19. The method according to Claim 1 or 5 wherein the extension reaction is catalyzed by Klenow fragment of E. coli DNA polymerase I.

20. The method according to Claim 1 or 5 wherein the extension reaction is catalyzed by T7 DNA polymerase.

21. The method according to Claim 1 or 5 wherein the extension reaction is catalyzed by reverse transcriptase.

22. The method according to Claim 2 or 5 wherein said RNA transcripts are labelled prior to detection.

23. The method according to Claim 22 wherein said RNA transcripts are radio-labelled.

24. The method according to Claim 22 wherein said RNA transcripts are chromophore labelled.

25. The product of the process which comprises treating a RNA/DNA duplex RNA with an enzyme having RNase H activity, wherein the DNA strand has at its 5′-end an operative promoter sequence.

26. The product according to Claim 25 wherein said enzyme is RNase H.

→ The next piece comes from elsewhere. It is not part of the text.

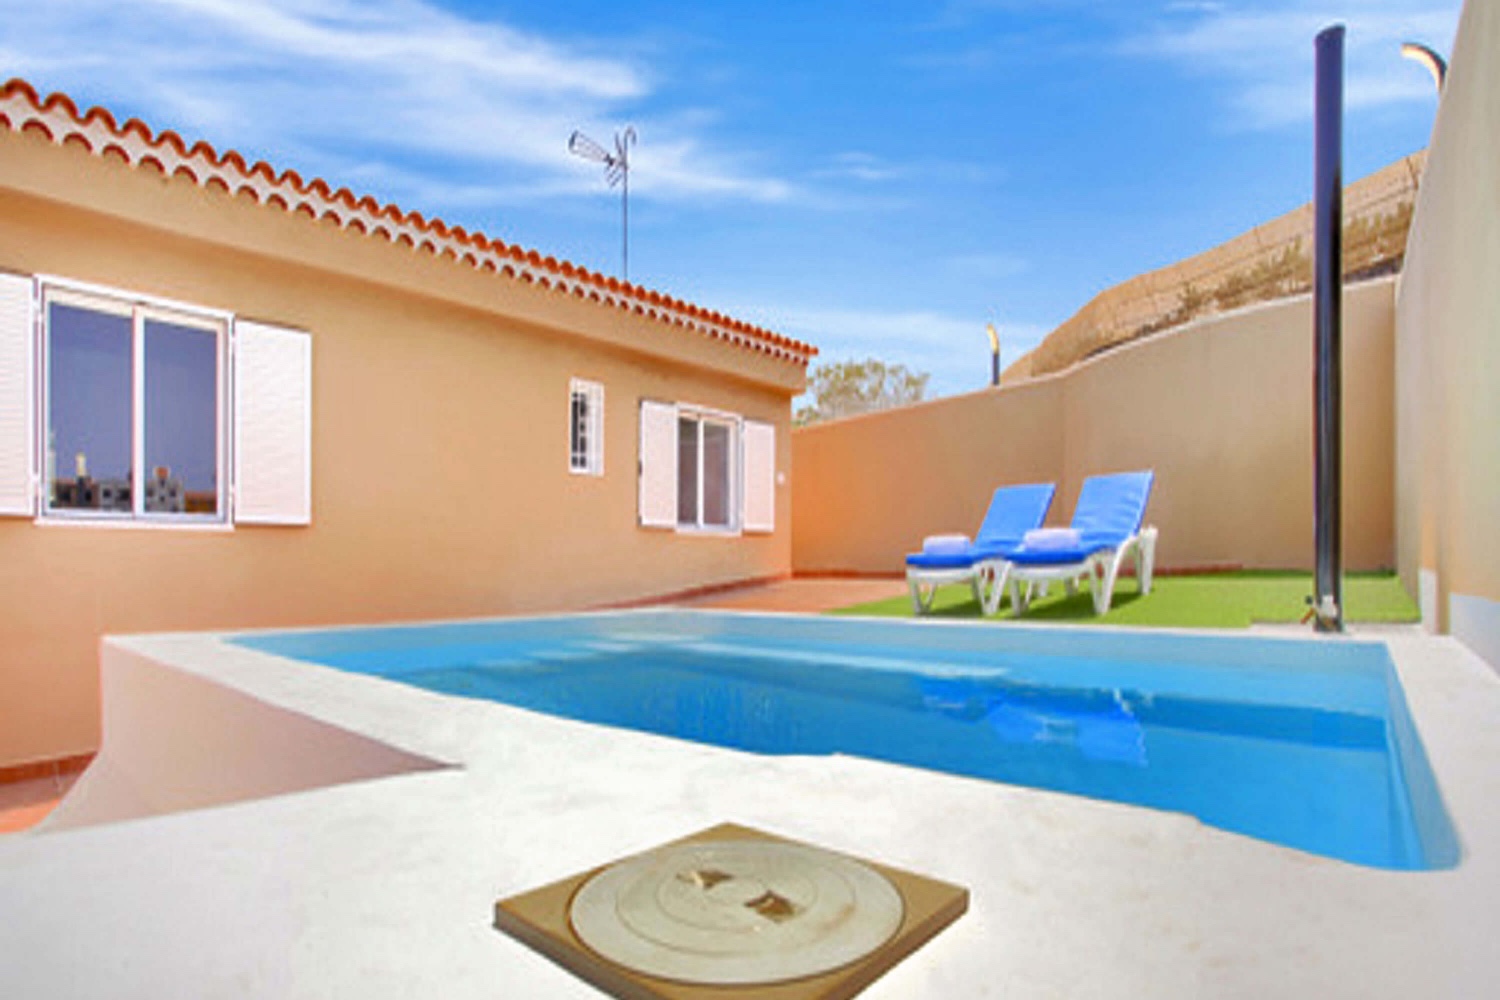 Belle maison indépendante avec piscine privée située à Guía de Isora à seulement 1,5 km de la plage de San Juán

27. In a method of amplifying a target nucleic acid sequence, generated as such or as an extrapolation product from a corresponding target DNA sequence, which method comprises the steps of hybridization with a DNA primer having a promoter sequence operatively associated therewith followed by polymerase primer extension to give a corresponding RNA/DNA duplex and hybridization of the said DNA extension product strand bearing the promoter sequence of said duplex with a second primer followed by polymerase primer extension to form a double-stranded DNA template useful for preparation of optionally replicatable RNA transcripts therefrom for detection as such or for further use in reactions as defined above, the improvement wherein said DNA extension product strand bearing the promoter sequence of the said RNA/DNA duplex is made available for the following hybridization thereof with said second primer by the selective digestion enzymatically of the RNA strand of said RNA/DNA duplex with an enzyme having the activity of RNase H enzyme.

28. The improvement according to Claim 27 wherein said enzyme is RNase H.

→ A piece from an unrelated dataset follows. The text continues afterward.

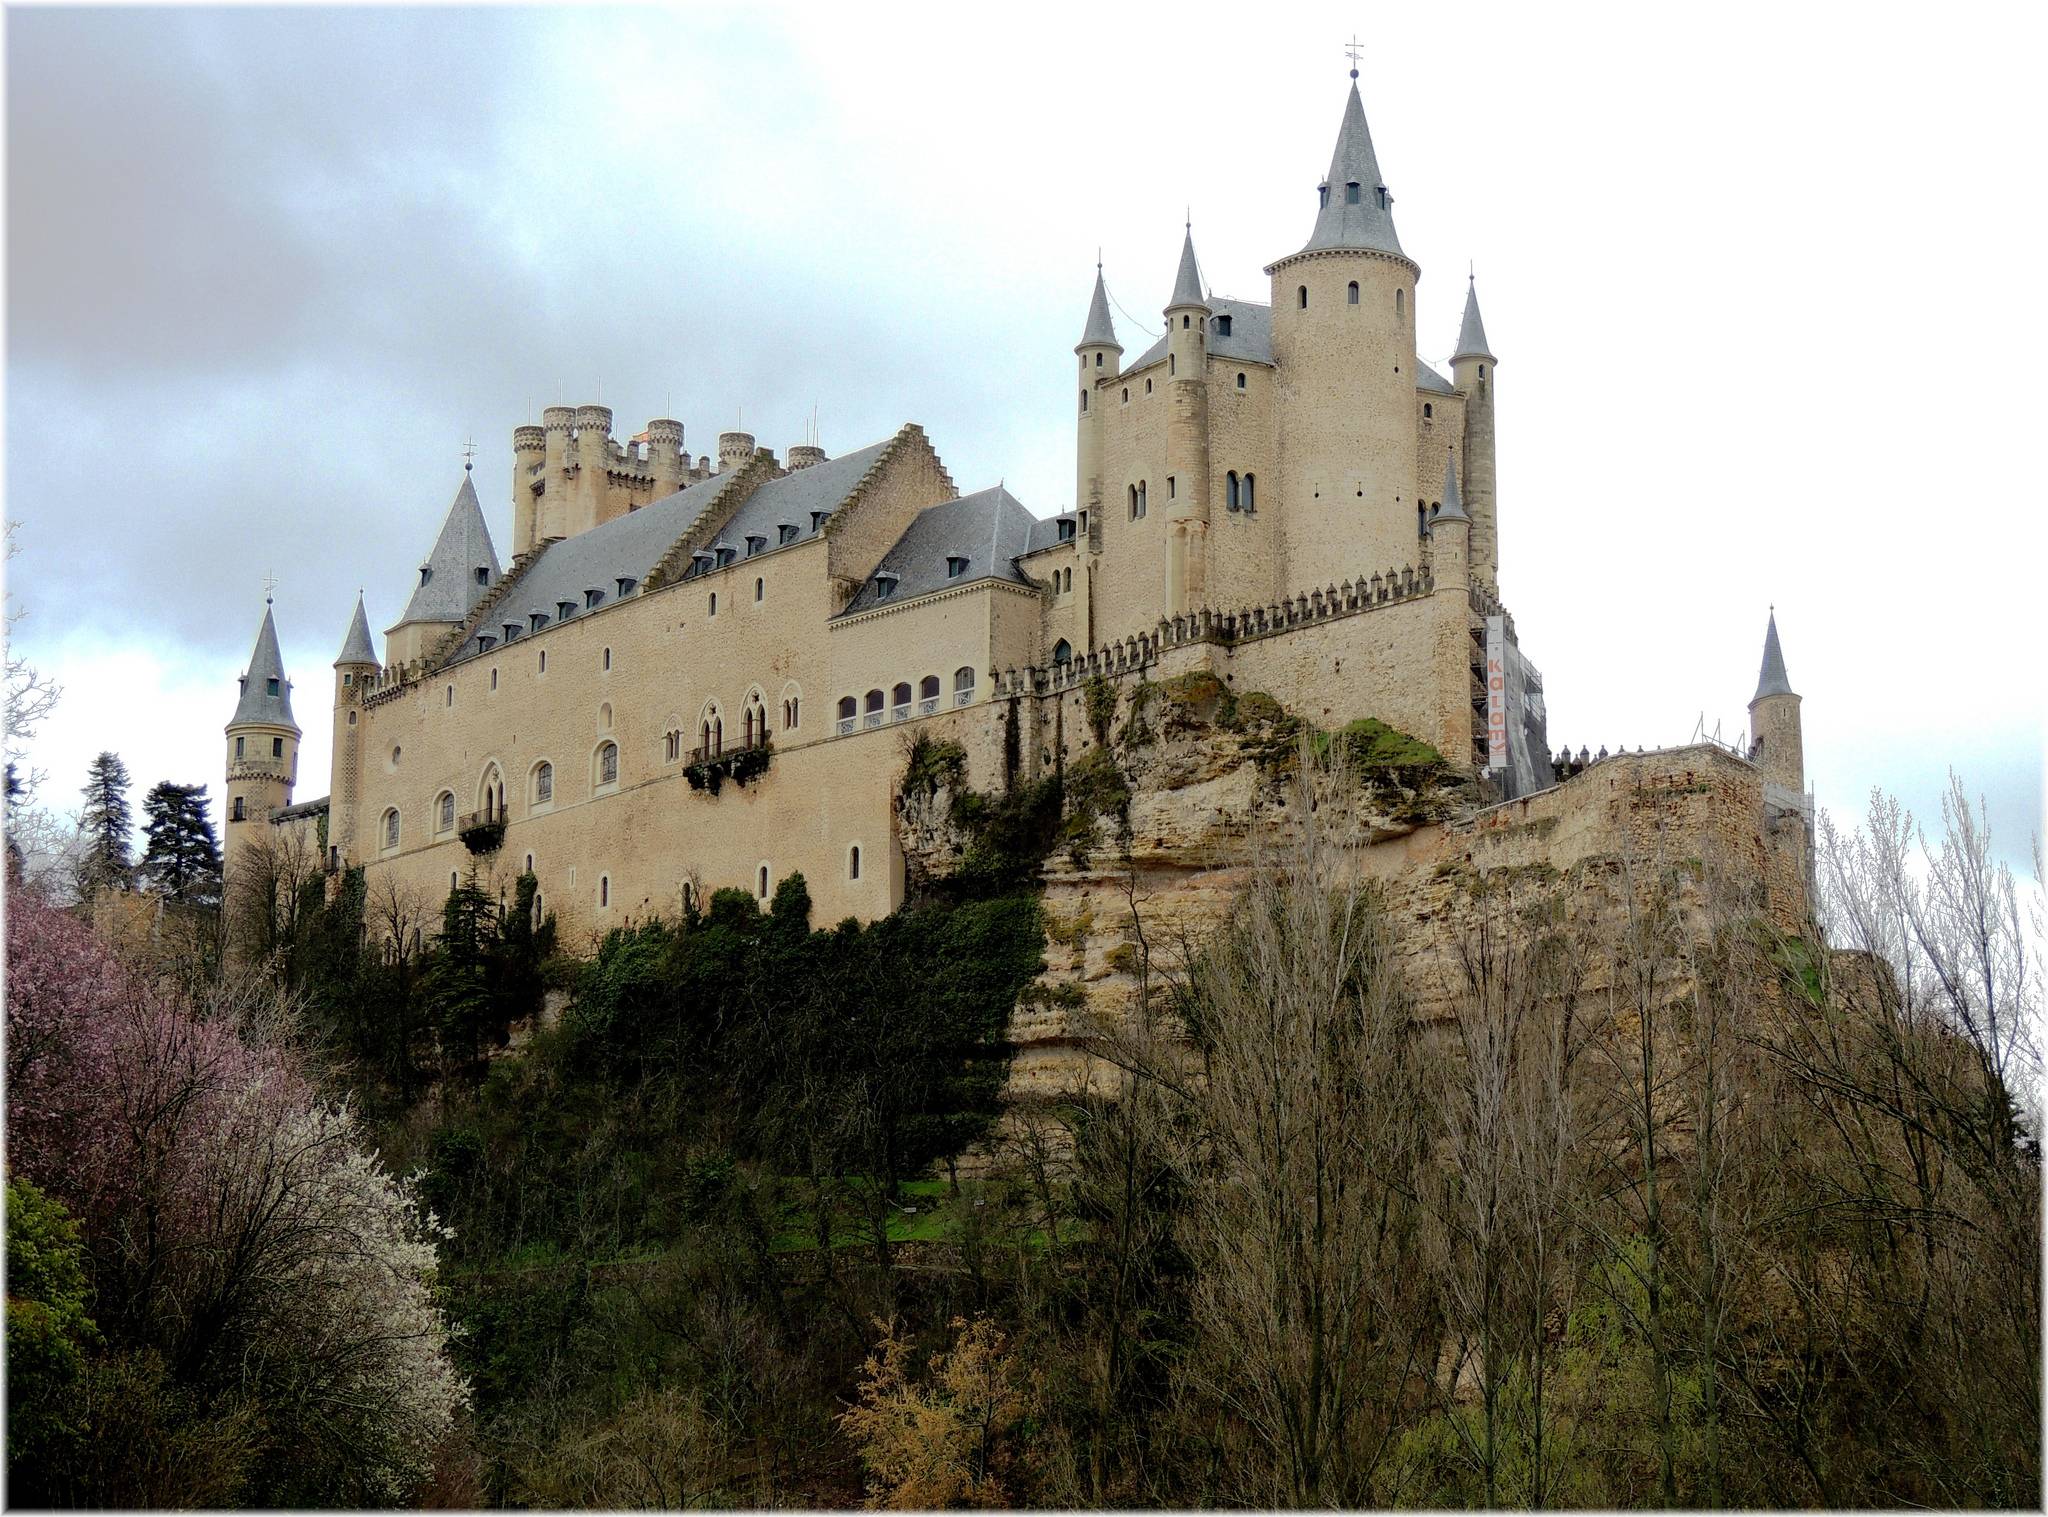 Los 4 castillos más bellos del mundo - Alcázar de Segovia

29. A kit useful for the detection of at least one specific nucleic acid target sequence in a RNA sample that may contain said nucleic acid target sequence, comprising a reaction mixture comprising a reverse transcriptase, an enzyme having RNase H activity, a DNA-dependent RNA polymerase and at least one DNA primer containing a promoter sequence operatively associated with a sequence complementary to a segment of a target nucleic acid sequence or its complement and means whereby upon contact of said mixture with sample for detection of target nucleic acid sequence, target nucleic acid sequence is detected after amplification.

30. The kit according to Claim 29 having means to conduct reactions involving its components at isothermal conditions.

31. The kit according to Claim 30 wherein said enzyme having RNase H activity is RNase H.